Category: botnet

Dec 13 2017

Chinese Cybercriminals Develop Lucrative Hacking Services

Underground cybercrime profits in China have likely already exceeded US$15.1 billion (100 billion Chinese yuan); caused more than $13.8 billion (91.5 billion yuan) worth of damage relating to data loss, identity theft, and fraud; and will grow at an even faster pace as underground hackers expand international business operations to increasingly target foreign businesses, according to one report. Advanced hacking tools such as botnet, control server infrastructure, remote access tools, malware creation and obfuscation services, source-code writing services, and targeted exploitation toolkits are available on underground markets.

Other popular malicious tools and hacking services—such as spam and flooding services, denial-of-service or distributed denial-of-service attack scripts, compromised routers, and hijacked accounts—are also available in China on the black market. Criminal groups are well-organized and establish discreet buying and selling processes for malware and hacking services through QQ networks. (Tencent QQ is one of China’s most popular online communication and Internet service portals. It had more than 870 million active monthly users as of 2016. QQ users can communicate with each other or publish comments through QQ forums, shared space, QQ groups, and private chatrooms.)

Criminal groups also establish master-apprentice relationships to recruit and train new members to expand their criminal enterprise operations. All of these trends cost businesses in China and around the world tens of billions of dollars, as hacking tools sold online can be used to steal intellectual property or create social engineering attacks.

Operating Structure

The Chinese cybercriminal underground market has become more sophisticated and service-oriented as China’s economy becomes more digital. Cybercriminal groups are well-structured with a clear division of work. Contrary to their American and Russian counterparts, Chinese cybercriminals do not rely on the Deep Web. McAfee research indicates that there has been an increasing number of organized crime groups that take advantage of burgeoning QQ networks. These organized crime groups typically possess clear mechanisms for their cybercrime operations. Malware developers usually profit by creating and selling their products online; they do not get involved in underground criminal operations. Their code often includes “backdoors” that offer them continued access to their software.

QQ hacking group masters (qunzhu, 群主), also known as prawns (daxia, 大虾) or car masters (chezu, 车主) by those in Chinese cybercriminal underground networks, are the masterminds of cybercrime gangs. QQ hacking group masters purchase or acquire access to malware programs from a malware writer or wholesaler. As shown in the following graph, QQ hacking group masters recruit members or followers, who are commonly known as apprentices, and instruct apprentices on hacking techniques such as setting up malicious websites to steal personally identifiable information or bank accounts.
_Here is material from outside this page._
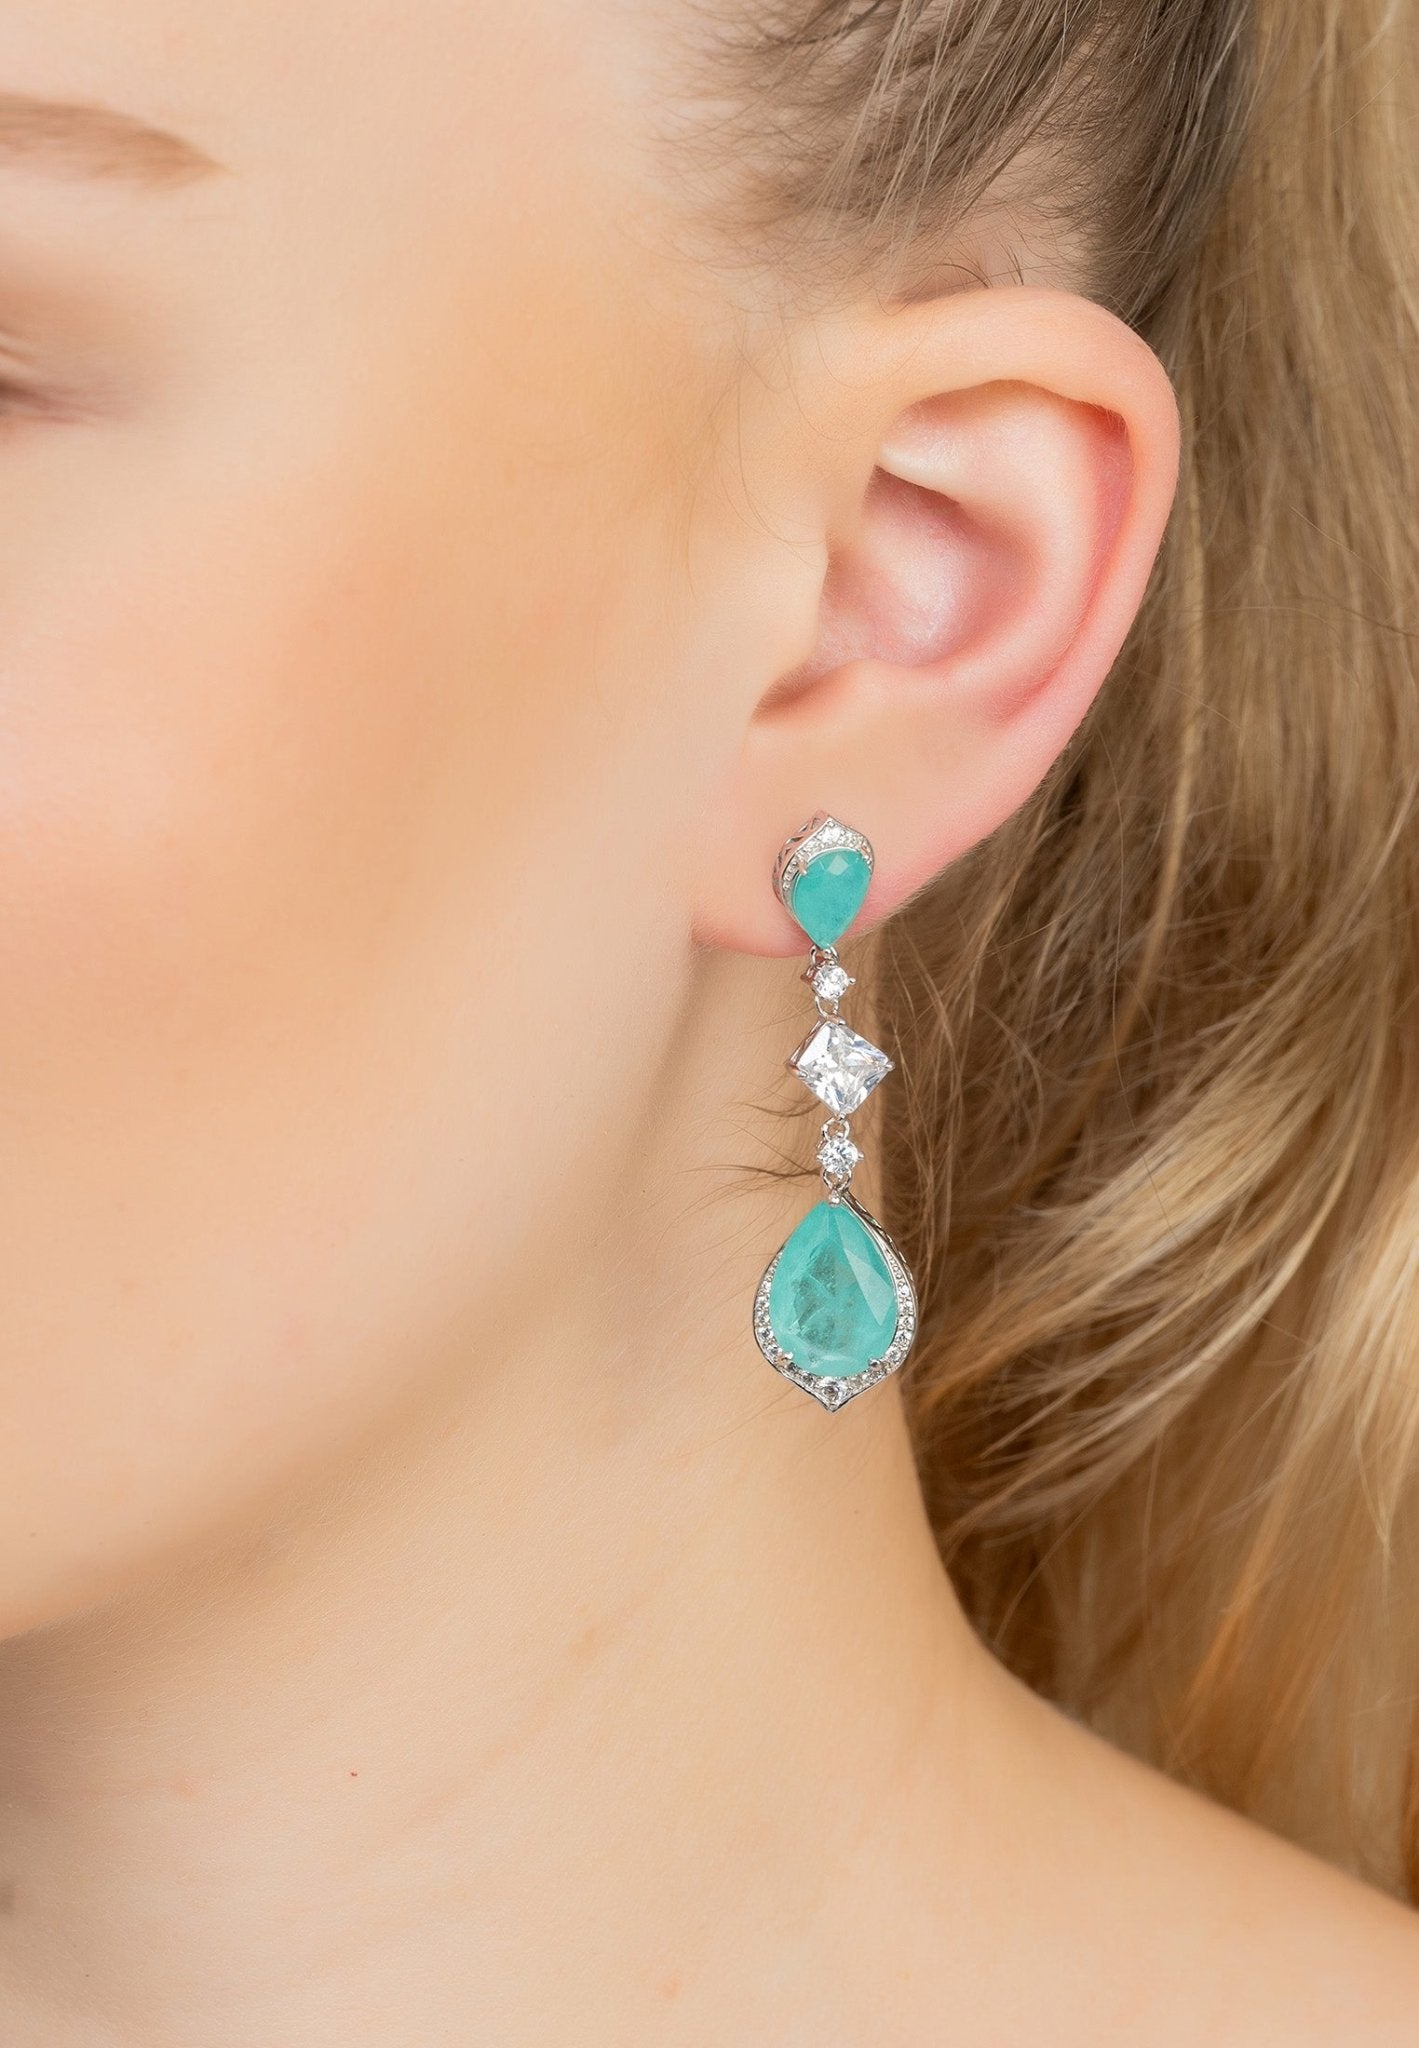 Celeste Teardrop Earrings Paraiba Tourmaline Silver - LATELITA Earrings
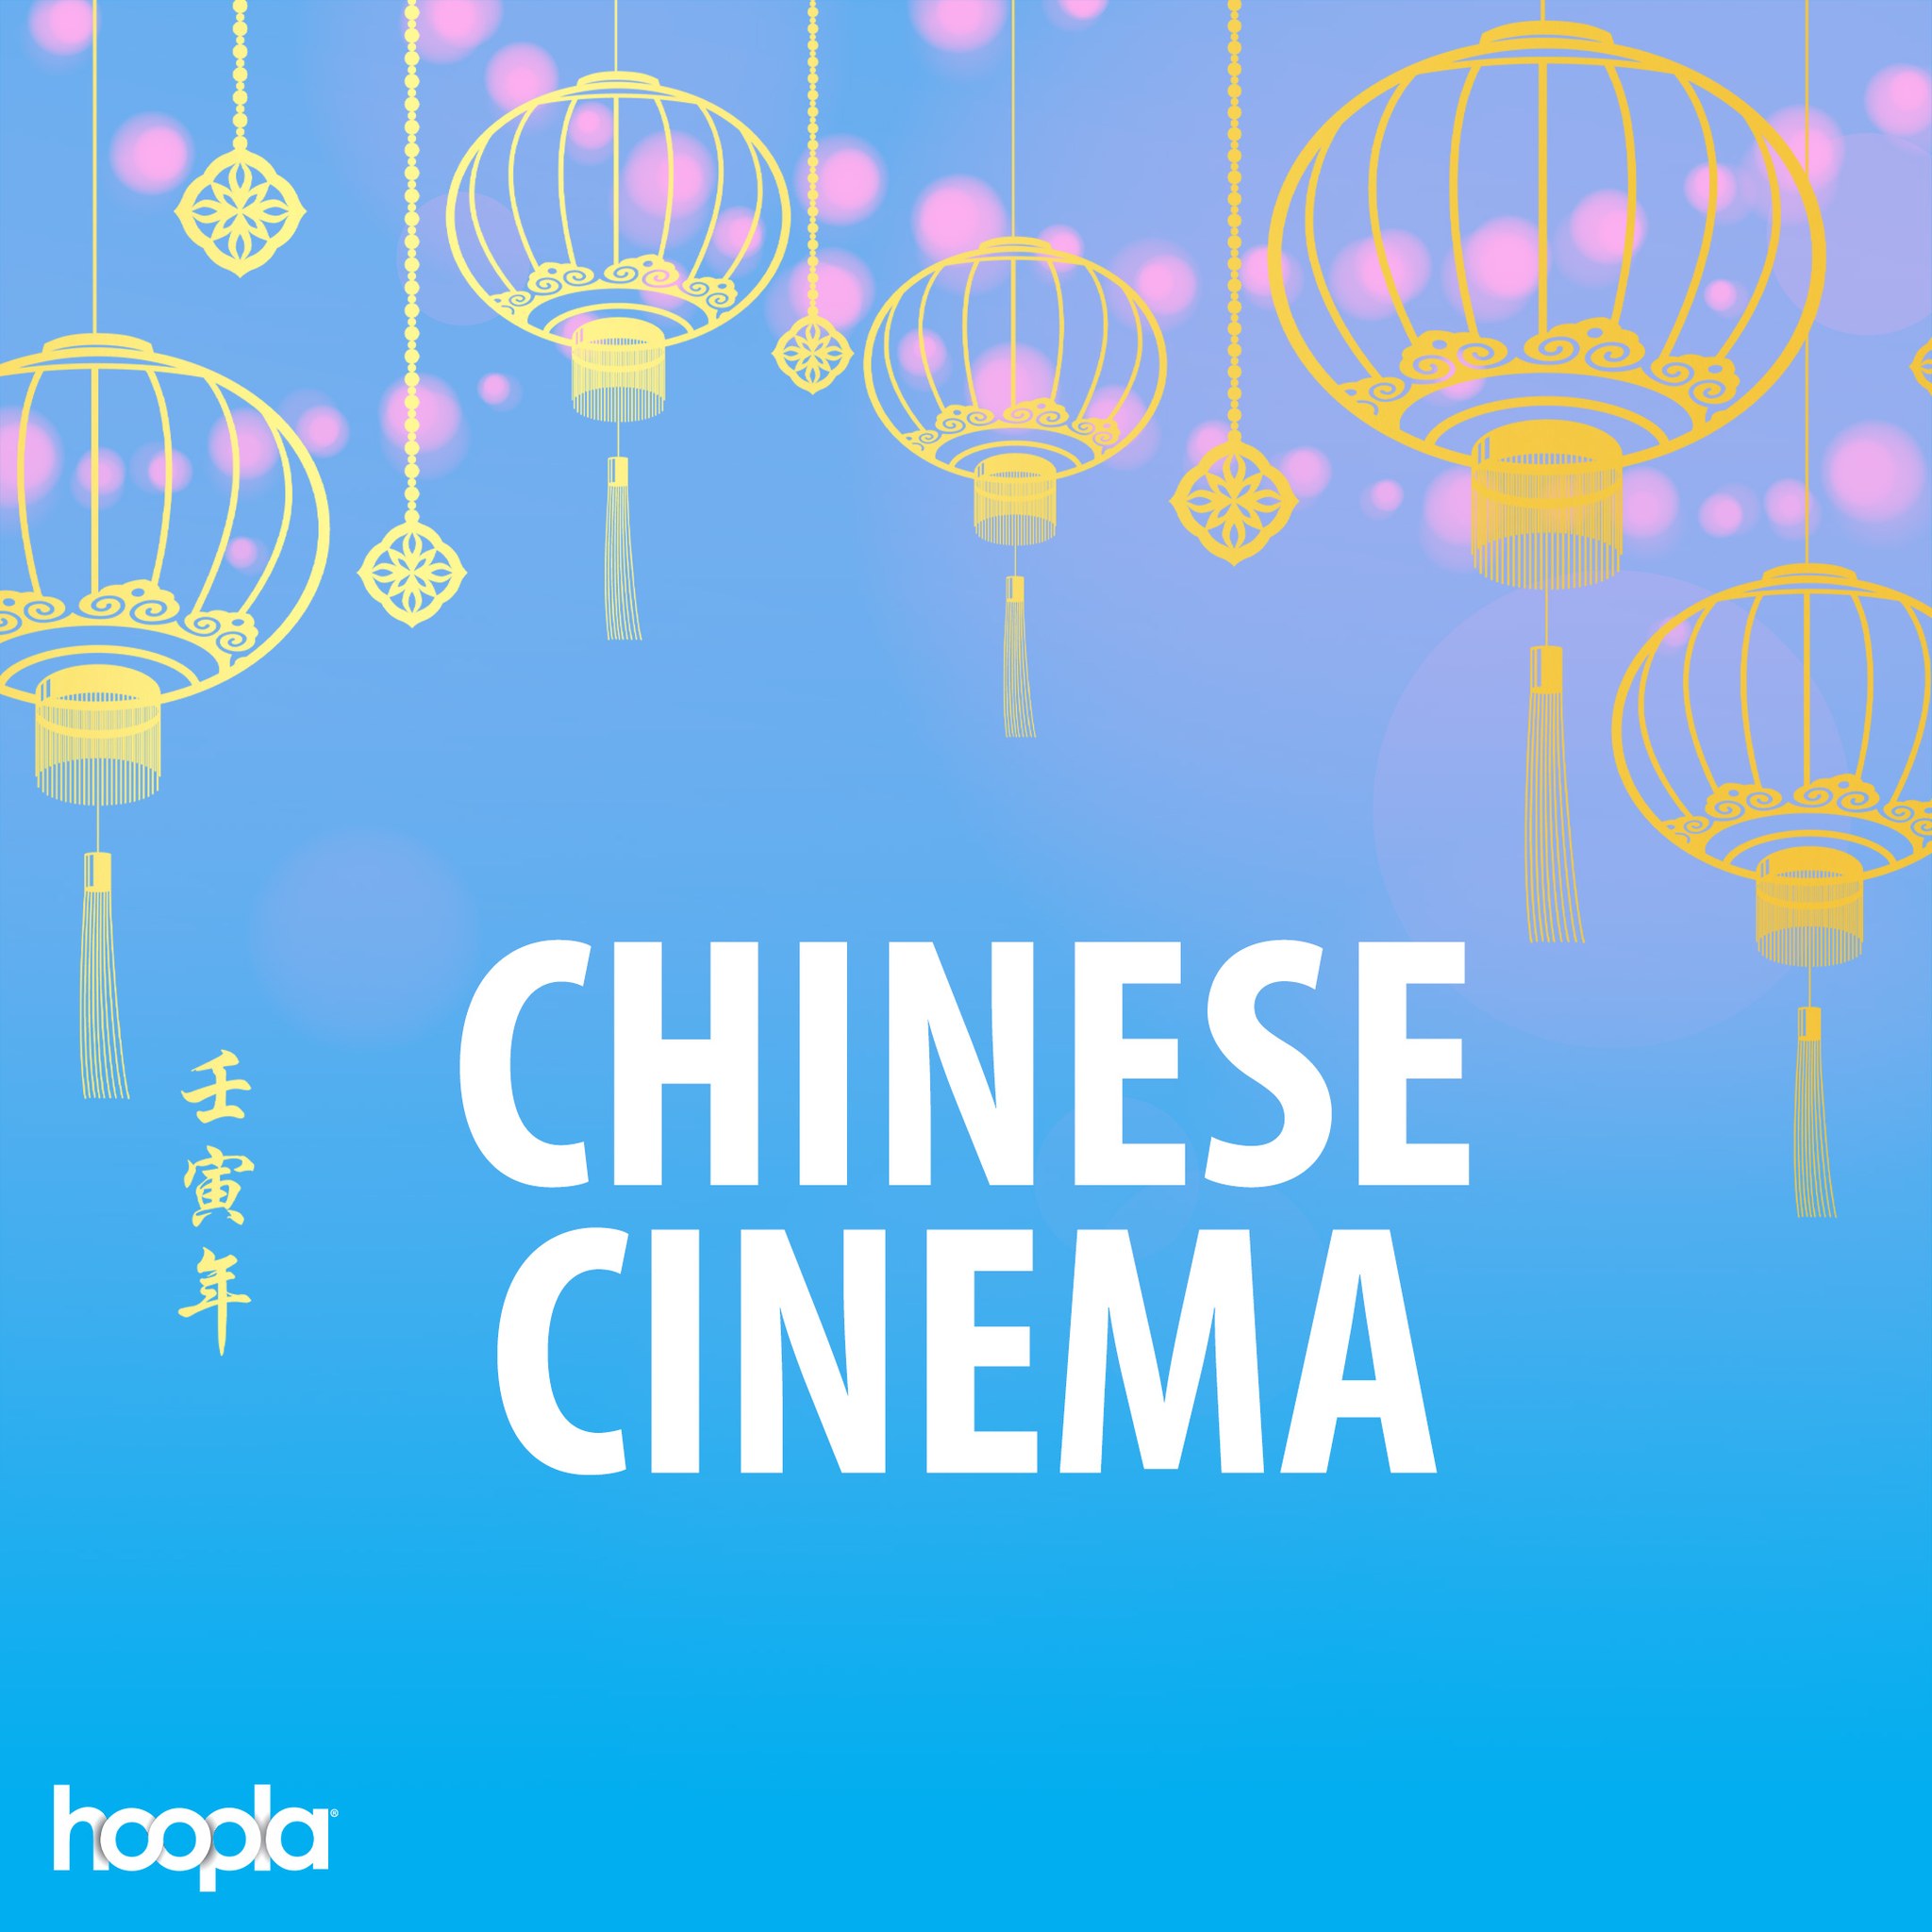 韦伯斯特教区图书馆推出 Hoopla Digital 的中国电影收藏 |

In most cases, QQ hacking group masters collect “training fees” from the apprentices they recruit. The apprentices later become professional hackers working for their masters. Apprentices are also required to participate in multiple criminal “missions” before they complete the training programs. These hacker groups are usually private: The group masters can accept or deny membership requests on QQ networks.

 

Master-Apprentice Mechanism

Black-hat training is growing in popularity on the black market due to high profit margins in the hacking business. Some hacker groups use these training programs to recruit new members.  Once they complete the training, selected members will be offered an opportunity as apprentices or “hackers in training,” who later become full-time hackers responsible for operations such as targeted attacks, website hacking, and database exfiltration. (See the preceding graph.) The apprentices gain further experience by taking part in cybercrime schemes, including stealing bank account passwords, credit card information, private photos, personal videos, and virtual currency such as Q coins. The following screenshot is an example of black-hat hacker training materials offered by an underground hacker.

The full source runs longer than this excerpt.